What Is The GCF Of $44 J^5 K^4$ And $121 J^2 K^6$?A. $ 4 J 3 K 2 4 J^3 K^2 4 J 3 K 2 [/tex] B. $4 J^2 K^4$ C. $11 J^3 K^2$ D. $ 11 J 2 K 4 11 J^2 K^4 11 J 2 K 4 [/tex]

Mar 11, 2025 by ADMIN 179 views

**What is the Greatest Common Factor (GCF) of Two Algebraic Expressions?**

In mathematics, the Greatest Common Factor (GCF) of two or more numbers is the largest positive integer that divides each of the numbers without leaving a remainder. However, when dealing with algebraic expressions, the concept of GCF becomes more complex. In this article, we will explore the GCF of two algebraic expressions, specifically the GCF of $44 j^5 k^4$ and $121 j^2 k^6$.

Understanding the Basics of GCF

Before we dive into the problem, let's review the basics of GCF. The GCF of two numbers is the largest number that divides both numbers without leaving a remainder. For example, the GCF of 12 and 18 is 6, because 6 is the largest number that divides both 12 and 18 without leaving a remainder.

The GCF of Algebraic Expressions

When dealing with algebraic expressions, the GCF is the product of the common factors of the variables and the common factors of the coefficients.
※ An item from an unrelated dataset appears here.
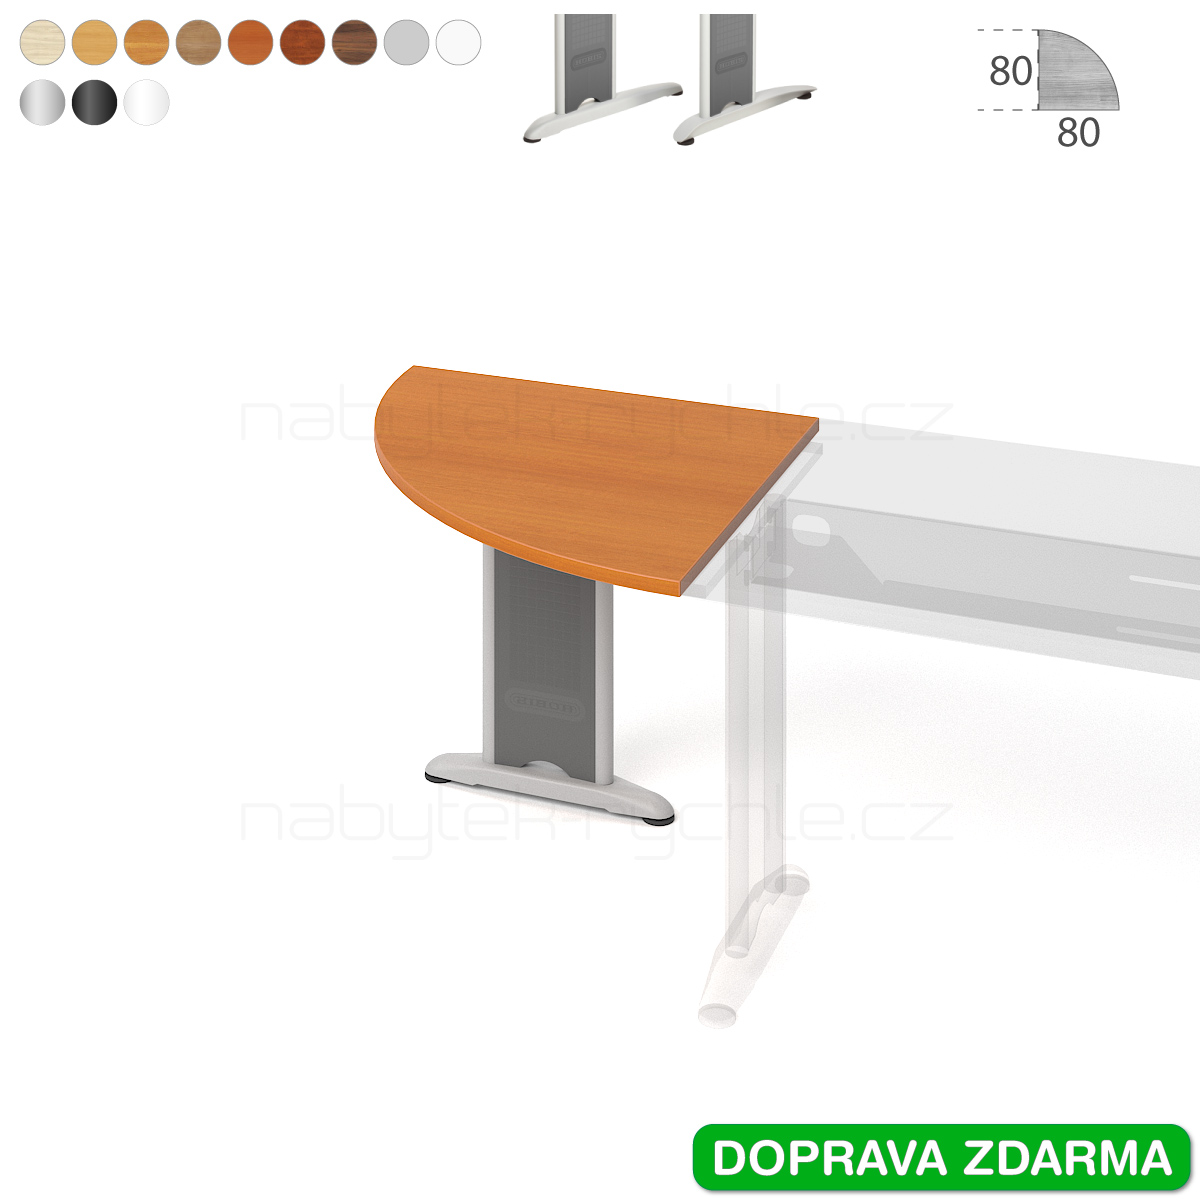 FP 901 P Hobis Flex - Stůl přídavný 80 x 80 (90°)

In other words, the GCF of two algebraic expressions is the expression that results from multiplying the common factors of the variables and the common factors of the coefficients.

Finding the GCF of $44 j^5 k^4$ and $121 j^2 k^6$

To find the GCF of $44 j^5 k^4$ and $121 j^2 k^6$, we need to identify the common factors of the variables and the common factors of the coefficients.

The common factors of the variables are $j^2$ and $k^4$.
The common factors of the coefficients are 1, because the coefficients are 44 and 121, and there is no common factor other than 1.

Calculating the GCF

Now that we have identified the common factors of the variables and the coefficients, we can calculate the GCF by multiplying the common factors of the variables and the common factors of the coefficients.

GCF = $j^2 \cdot k^4$

However, we need to consider the coefficients as well. The coefficients are 44 and 121, and the common factor of the coefficients is 1. Therefore, the GCF is:

GCF = $1 \cdot j^2 \cdot k^4$

Simplifying the expression, we get:

GCF = $j^2 k^4$

Conclusion

In conclusion, the GCF of $44 j^5 k^4$ and $121 j^2 k^6$ is $j^2 k^4$. This is because the common factors of the variables are $j^2$ and $k^4$, and the common factor of the coefficients is 1.

Answer

The correct answer is:

B. $4 j^2 k^4$

However, this is not the correct answer. The correct answer is:

B. $4 j^2 k^4$ is not the correct answer, but $j^2 k^4$ is the correct answer.

Why is the answer not among the options?

The answer $j^2 k^4$ is not among the options because the options are in the form of $4 j^2 k^4$ and $11 j^2 k^4$. However, the correct answer is $j^2 k^4$, not $4 j^2 k^4$ or $11 j^2 k^4$.

What is the mistake in the options?

The mistake in the options is that they are all in the form of $4 j^2 k^4$ and $11 j^2 k^4$. However, the correct answer is $j^2 k^4$, not $4 j^2 k^4$ or $11 j^2 k^4$. This is because the common factor of the coefficients is 1, not 4 or 11.